[SUPPLIED DATA]:
------------------------------

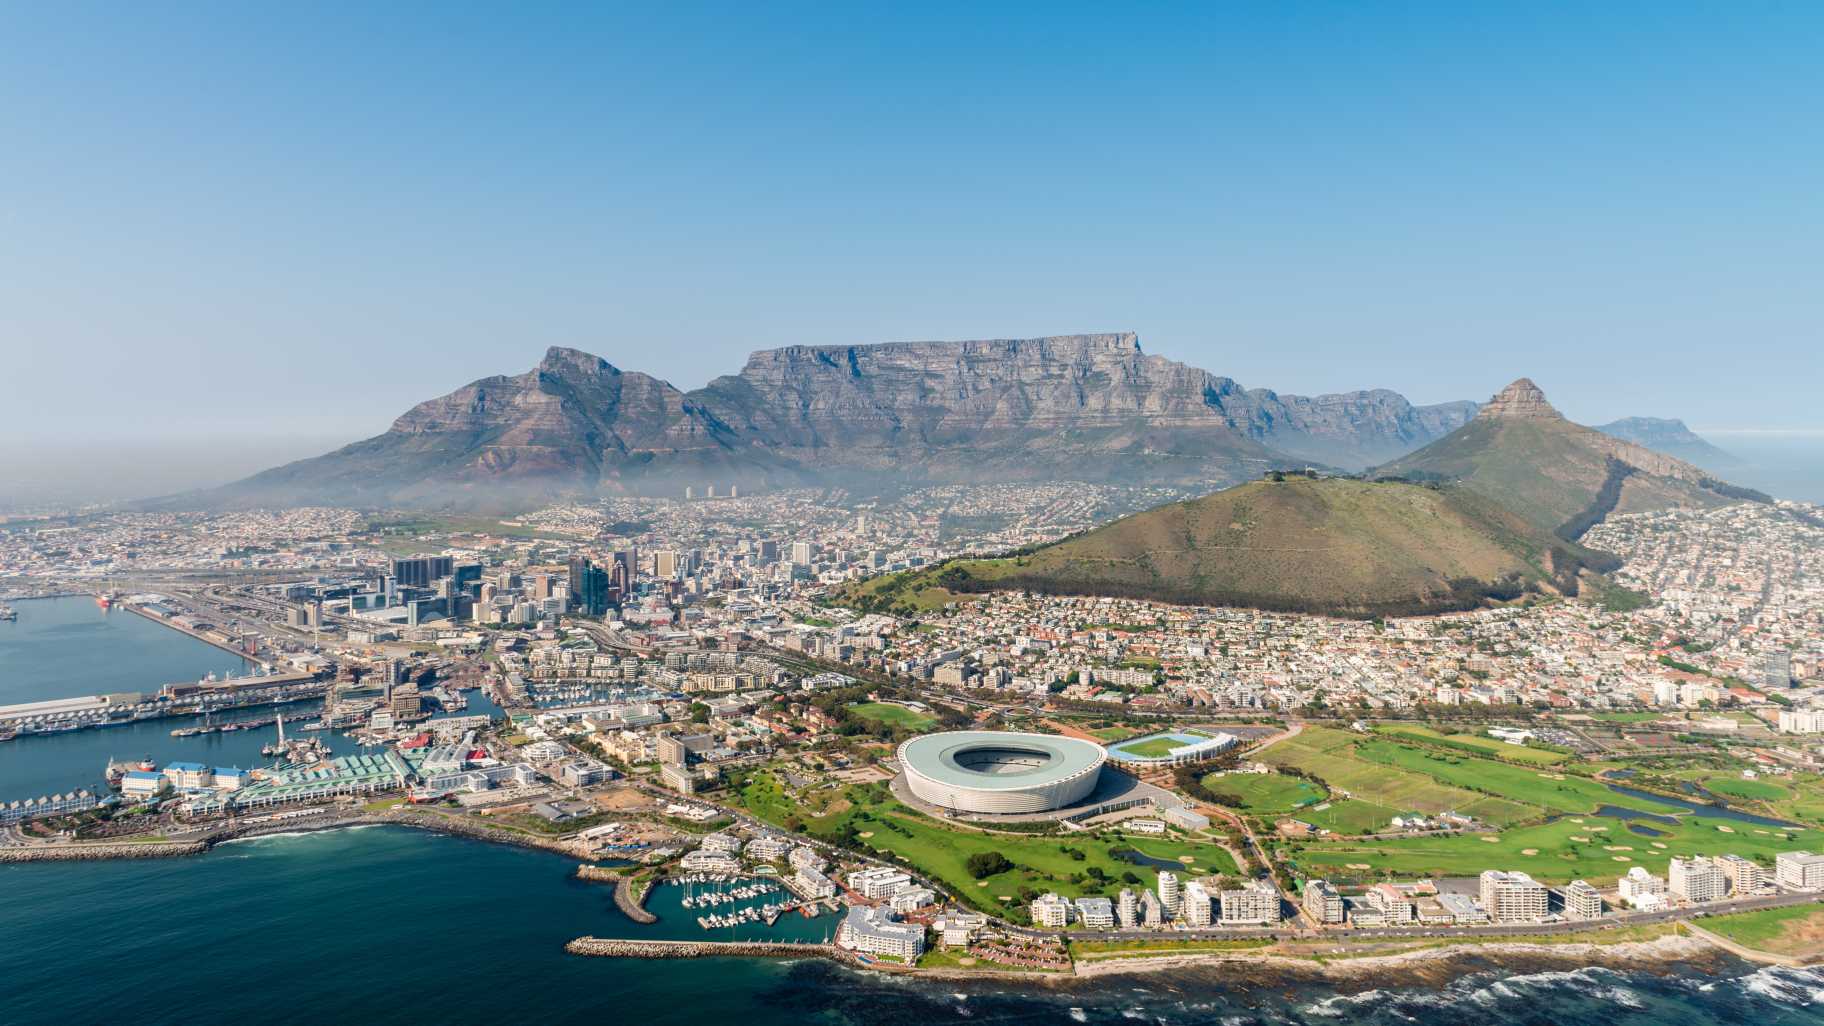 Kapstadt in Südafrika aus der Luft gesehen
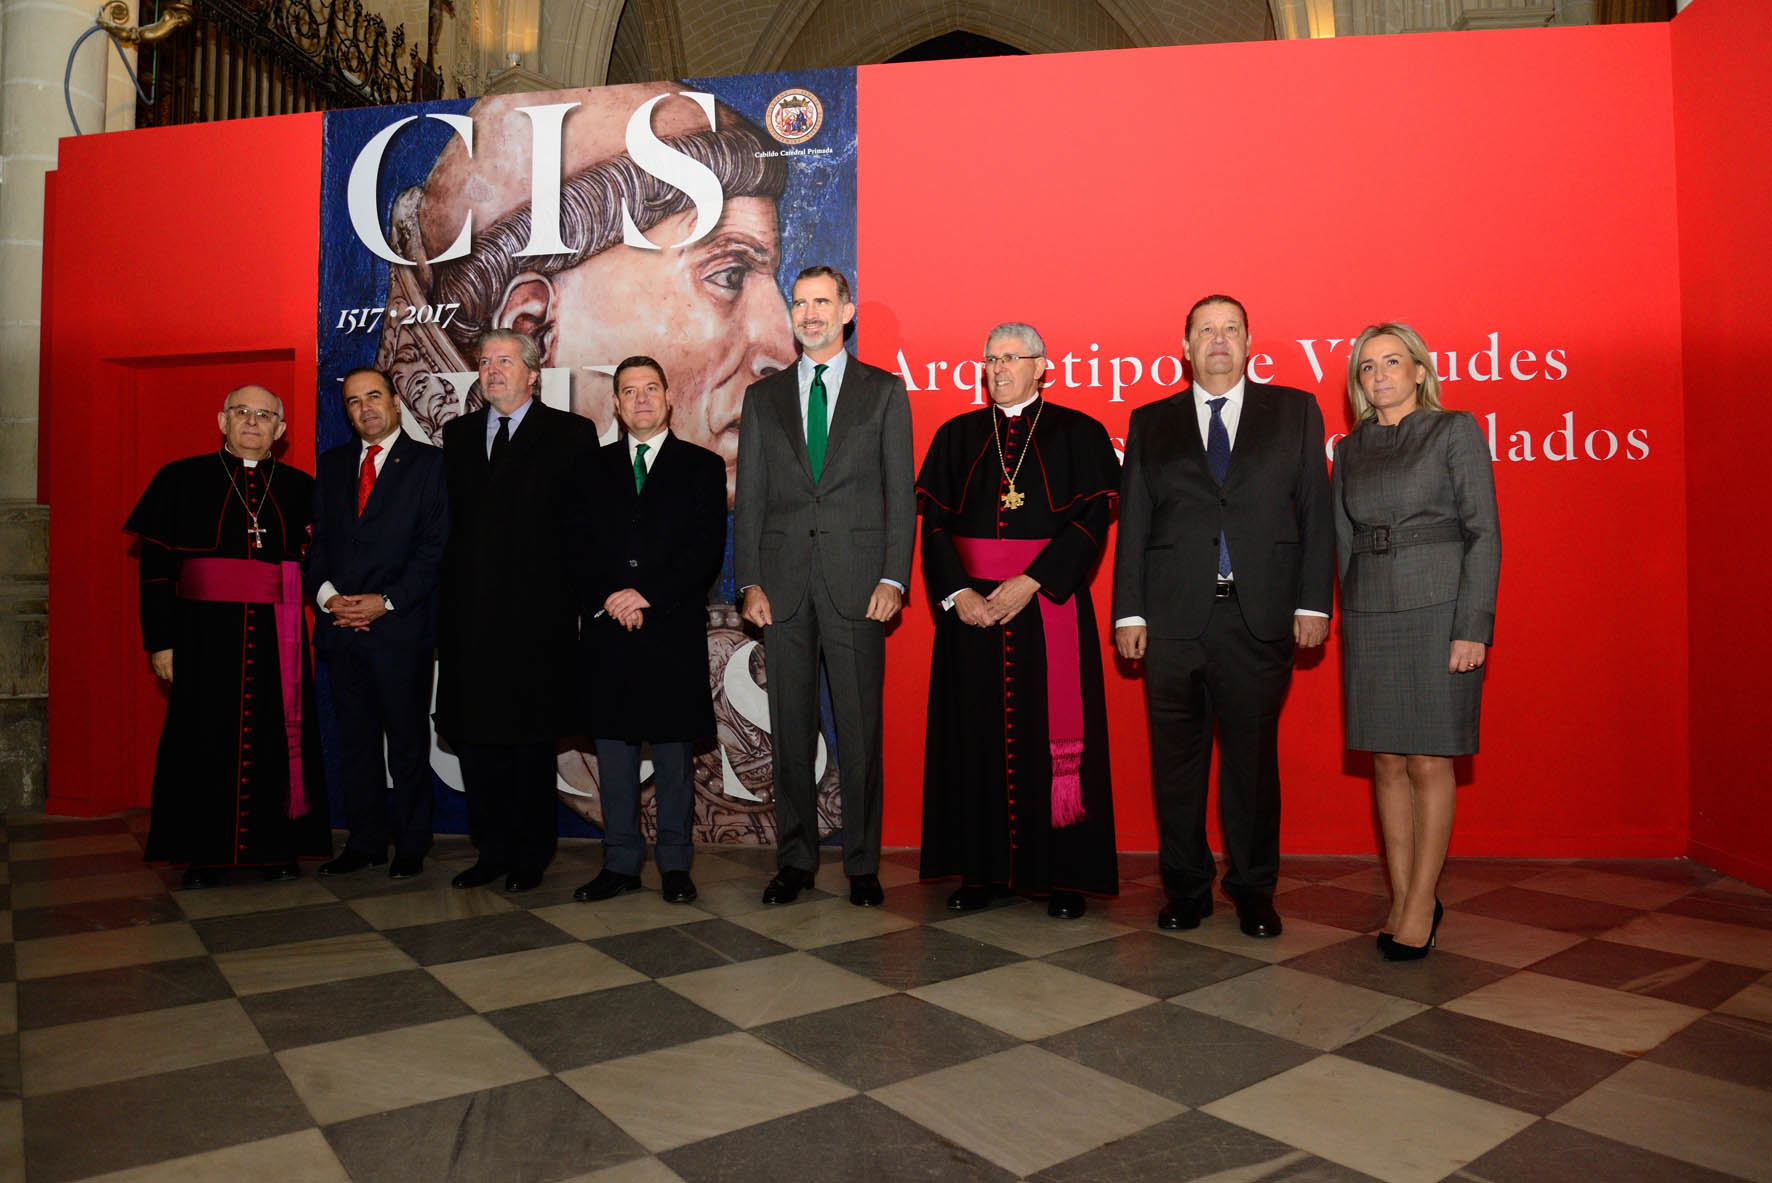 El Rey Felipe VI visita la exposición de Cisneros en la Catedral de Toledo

------------------------------

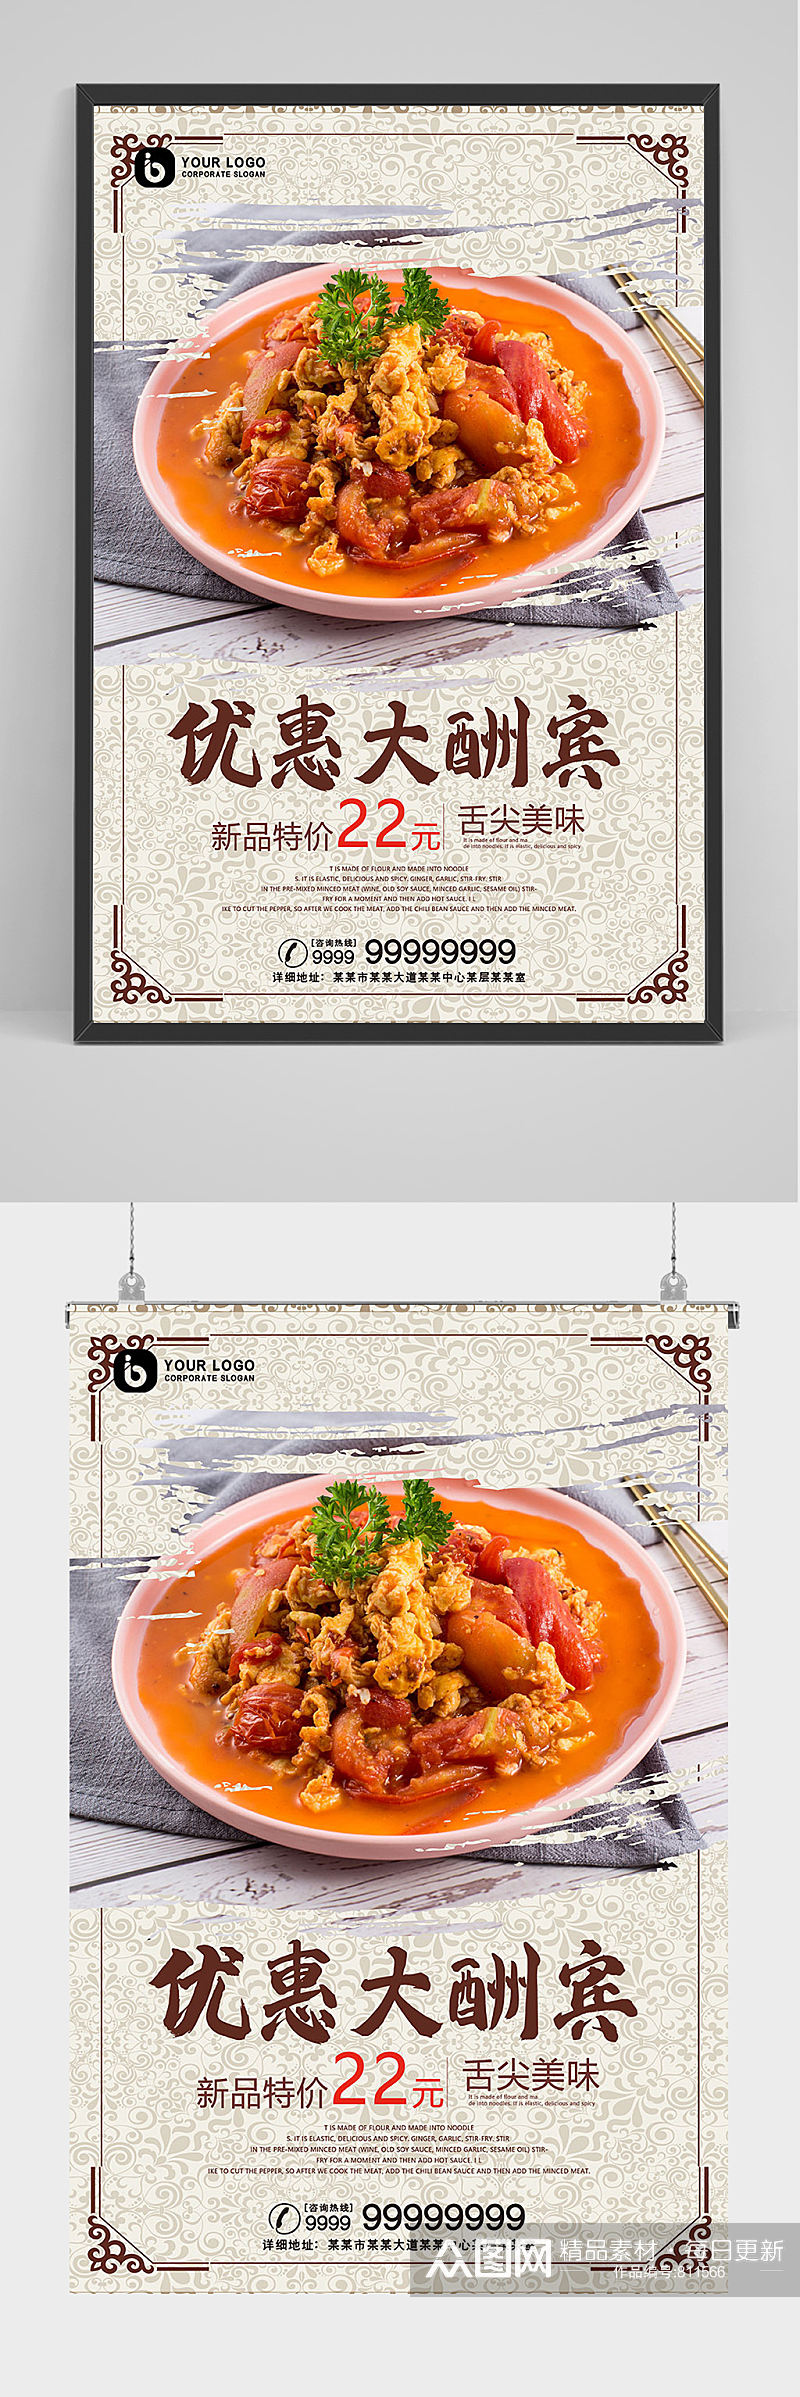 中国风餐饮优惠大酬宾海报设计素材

------------------------------

[WORK ITEM]: Transcribe the listing above exactly, but only from the line with "Kapstadt in Südafrika aus der Luft gesehen" through the line with "El Rey Felipe". Include both of those lines and omit the pictures.

[OUTPUT FOR THIS TASK]:
 Kapstadt in Südafrika aus der Luft gesehen
 El Rey Felipe VI visita la exposición de Cisneros en la Catedral de Toledo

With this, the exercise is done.